The fish swam across the lake and spit the boy up in Gisenyi. On reaching the shore, Chance discovered that he had arms again. He met a commissioner from the RDRC, who brought him to the rehabilitation center and taught him valuable job skills, and how to read and write. Chance went home to see his family, and because he had arms and job skills, they wanted to take him back. But Chance was too proud, and rejected them. The RDRC man scolded Chance for his pride, and told him to make peace with his family. At the same time, Chance’s family lamented ever rejecting him. Chance returned to his family who embraced him with open arms, and they lived happily ever after.

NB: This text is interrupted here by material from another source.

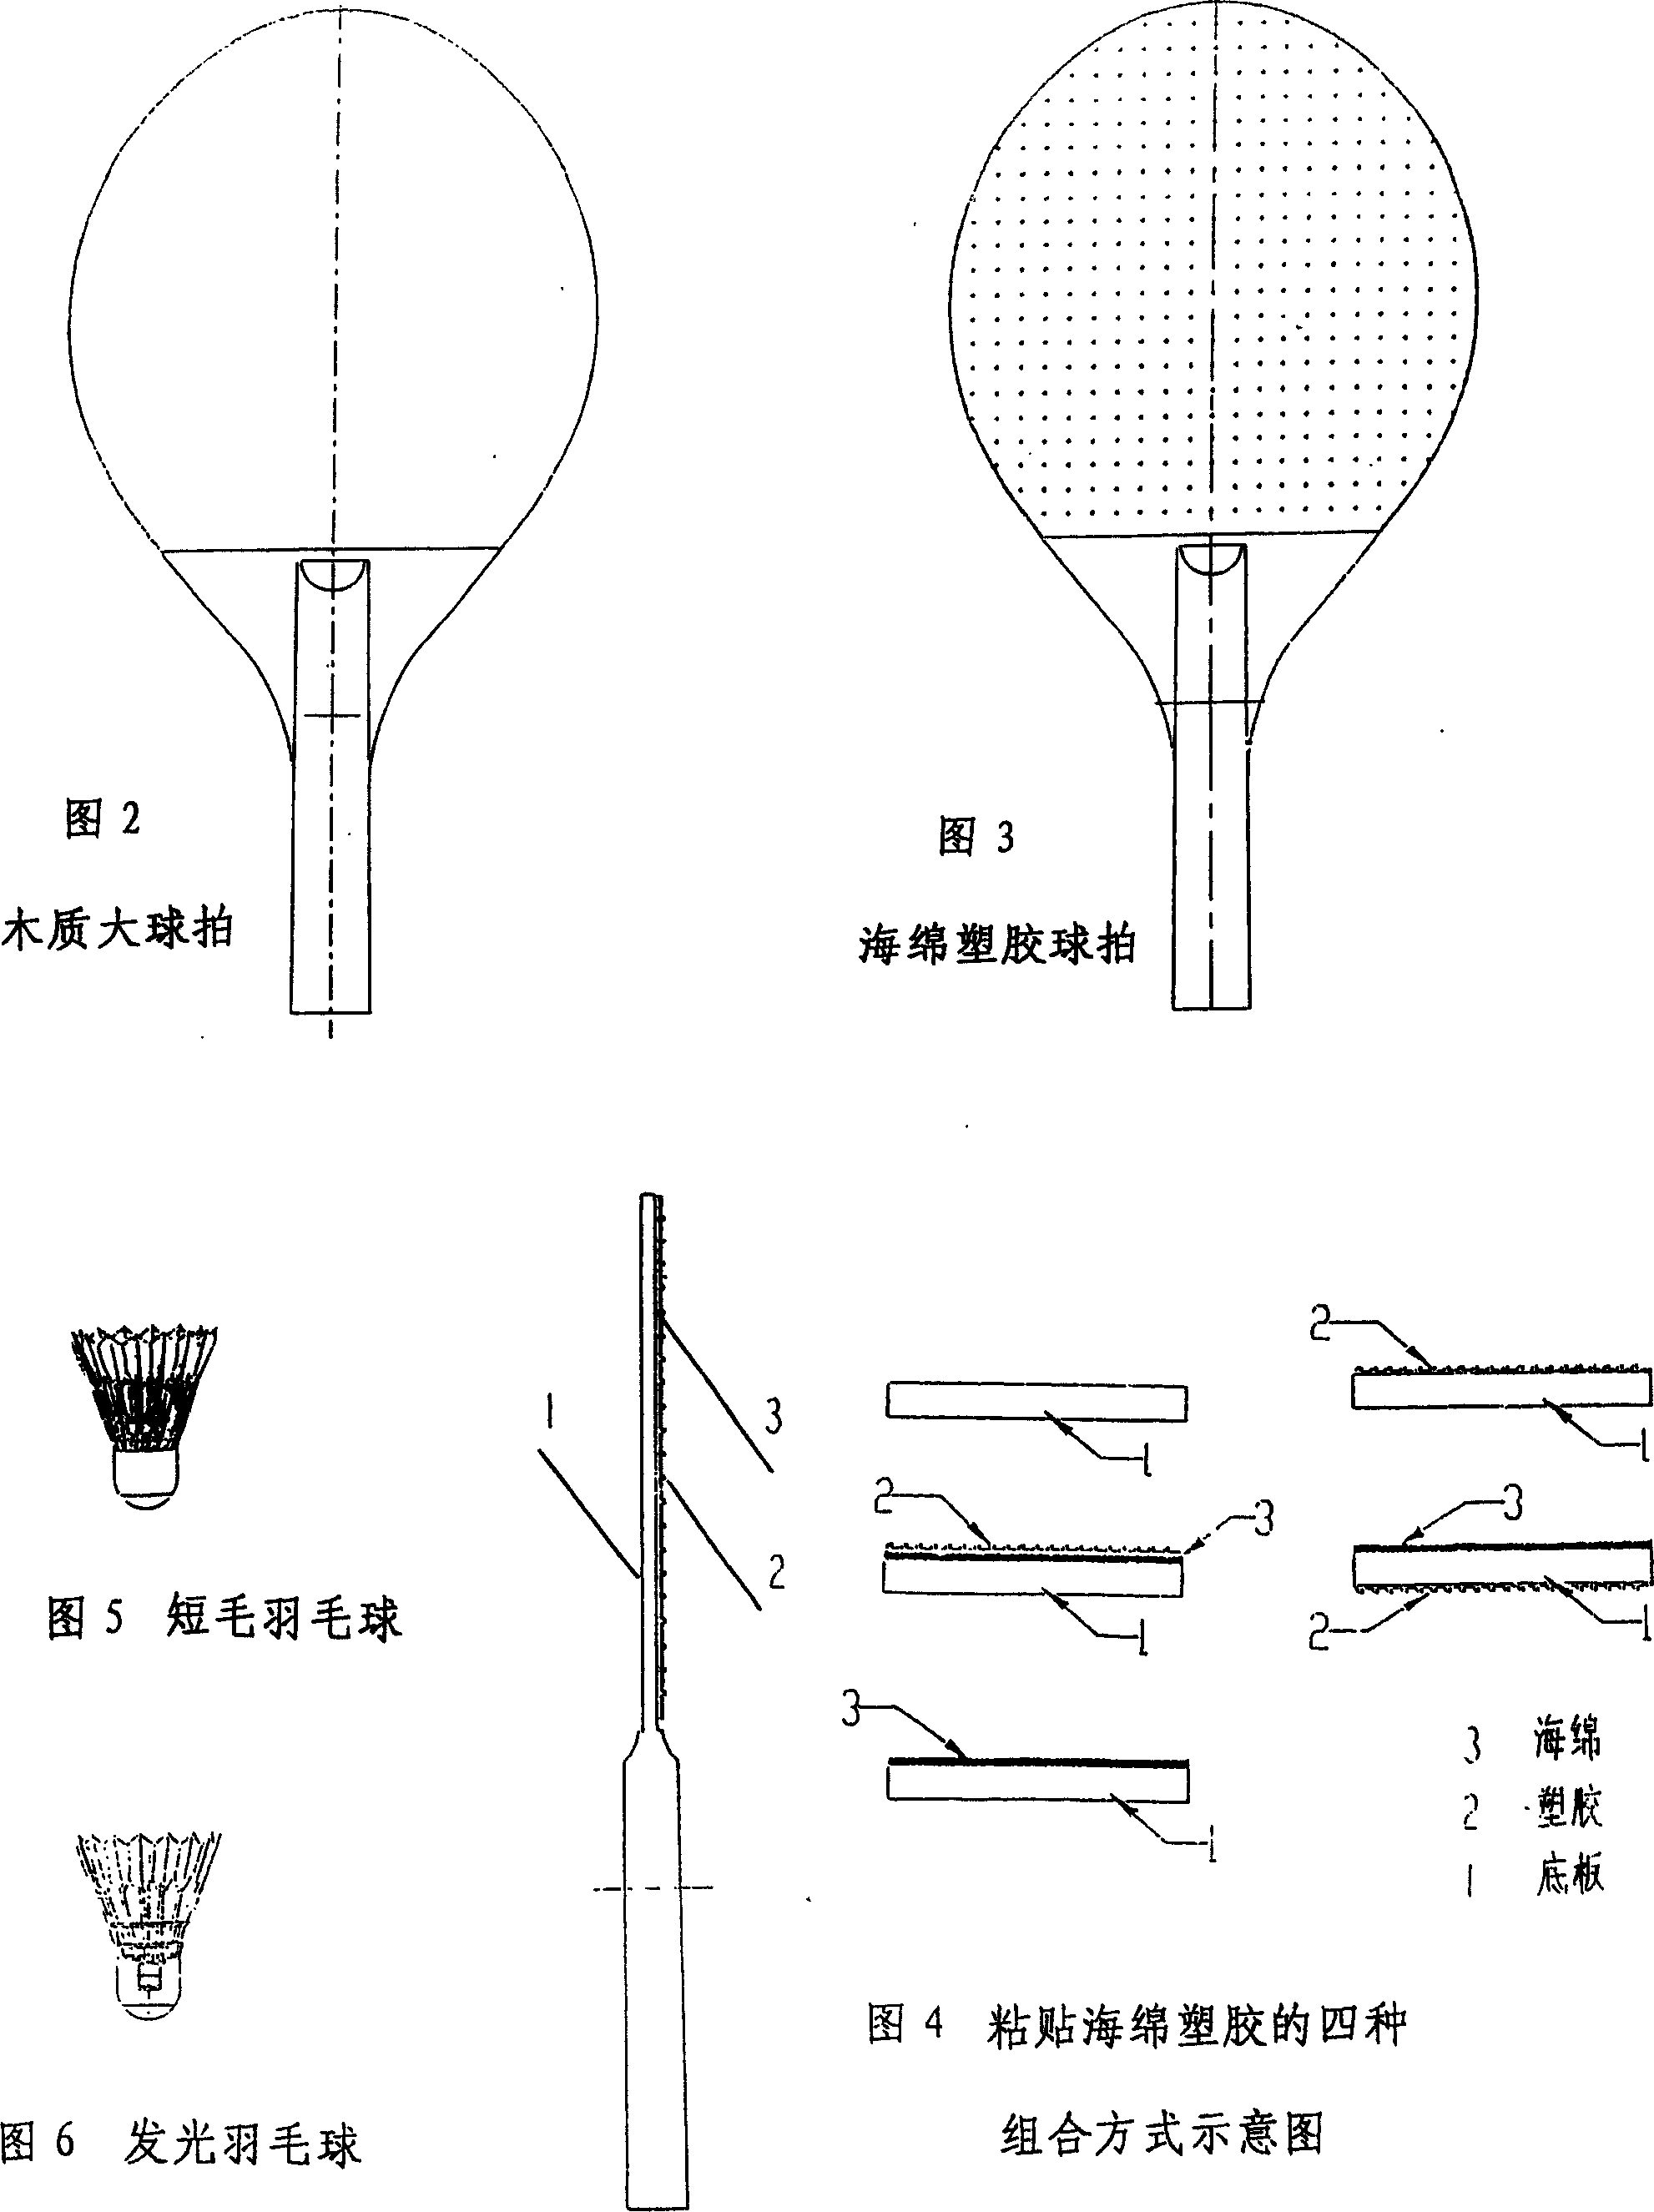 A group of plate badminton appliances

So much was a fight in Rwanda. Just getting the T-shirts printed in the right color (a battle lost), at the right price (lost), in the right sizes (won), and in time for the show (won, barely) all took such an enormous amount of effort. We didn’t know for sure until 2 days before the performance whether or not the boys would even be allowed to perform at all. So I didn’t really get a chance to pick my battles, because I was necessarily immersed in so many just to tackle the simple logistical task of staging a play—any play. When the boys were asked to change parts of it, there were enough sound reasons provided (the need to combat FDLR propaganda, a desire to avoid awkward allusions to the slave trade…) that I didn’t really feel inclined to dig my heels in and fight yet another battle for the sake of “poetic voice and artistic authenticity.” Also, I was scared. I was scared that if I didn’t compromise a little, the whole project would be called off.

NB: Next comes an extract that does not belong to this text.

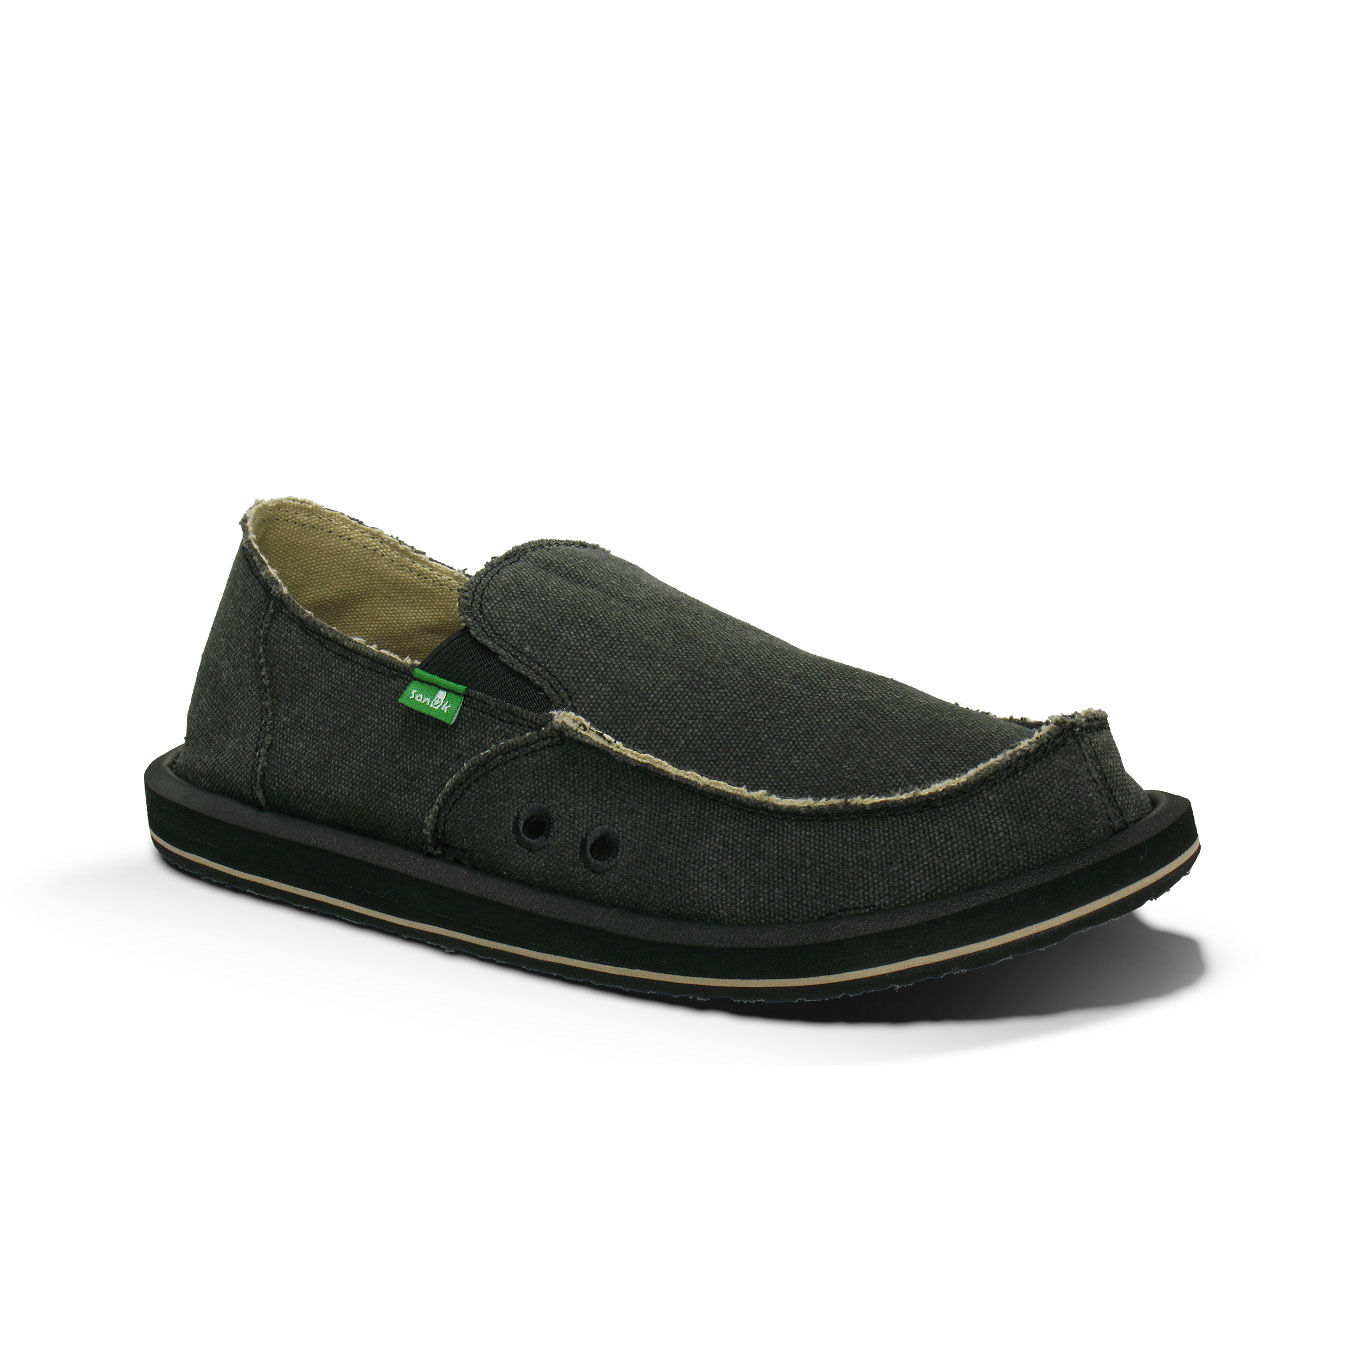 Sanuk Men's Vagabond Shoes | eBay

But at the end of the day, any disagreement was a simple question of aesthetic difference, and contrasting ideas about how change occurs. We all wanted to arrive at the same place; it’s just that I believed the best way to get there was through exploring process, whereas others believed in the effectiveness of propounding messages. And either or both of us may have been right. So that’s not why I took two months to write this. It’s not an anger thing, or even a fear thing.

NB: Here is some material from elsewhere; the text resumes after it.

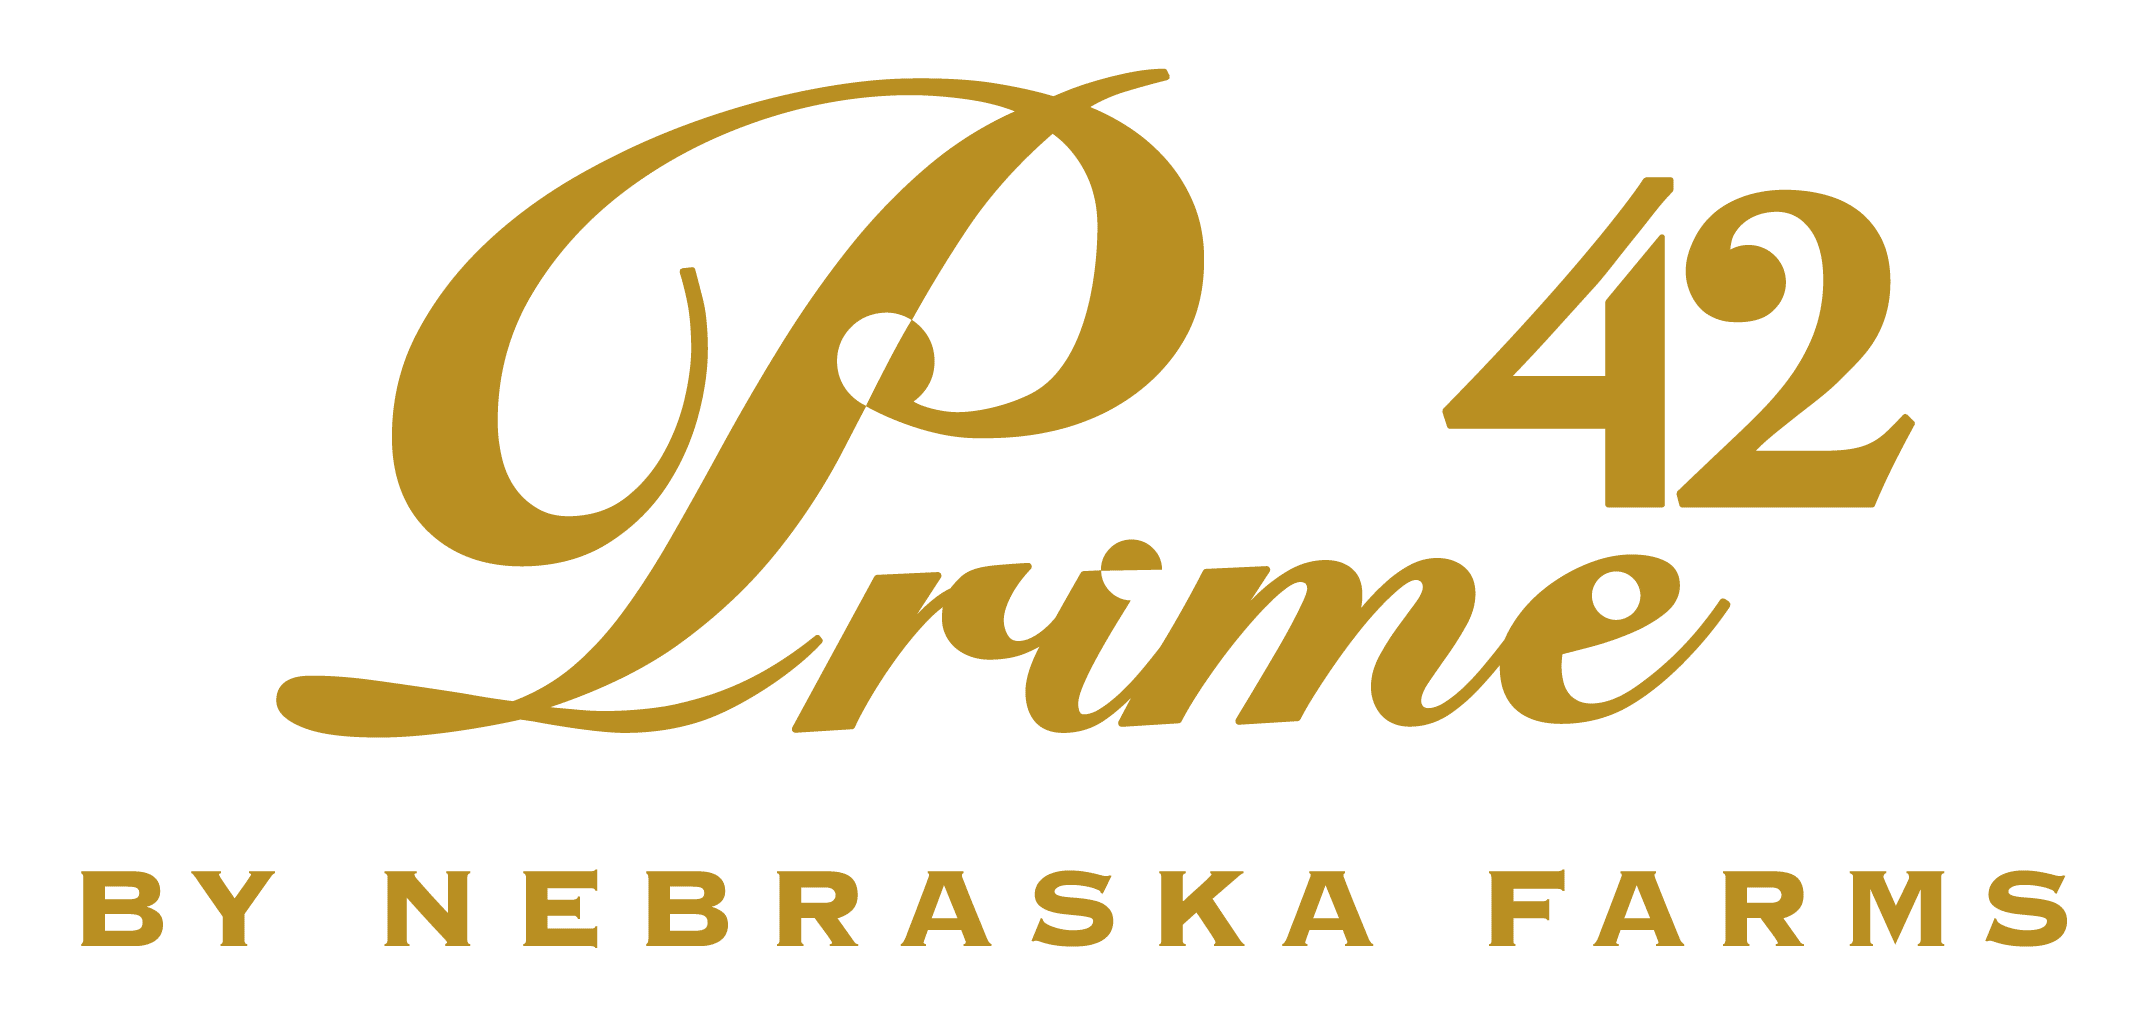 Prime 42 BY NEBRASKA FARMS

I think, if I’m really honest, what happened in Rwanda was that I lost focus. My focus going in, my focus this whole year, has been “ex-fighters and their voice.” Their voice. And towards my last weeks in Kigali and Musanze, my focus got fractured and spread between filming rights and documentary crews and logo permissions and t-shirt orders. Coming away, looking at all of the things I fought for in those last weeks, I regret not having stood up for the only one that I actually deeply cared about: the boys’ thoughts and ideas. I’ve been waiting to post this last entry for Rwanda because there’s a poem that Crispin wrote which I wanted to publish here, in lieu of all of my rambling musings. Unfortunately, I don’t have that poem yet; it’s on a friend’s computer in Rwanda, because while my collaborators were translating the boys’ words and stories from Kinyarwanda to French and English for the subtitles, I was choreographing movements and calling T-shirt companies and running the sound board. 

I never learned Crispin’s poem. That’s why I haven’t posted anything yet. Because all of the other stuff, all of my little personal dramas, don’t actually matter as much. They take up space that should be saved for something else entirely.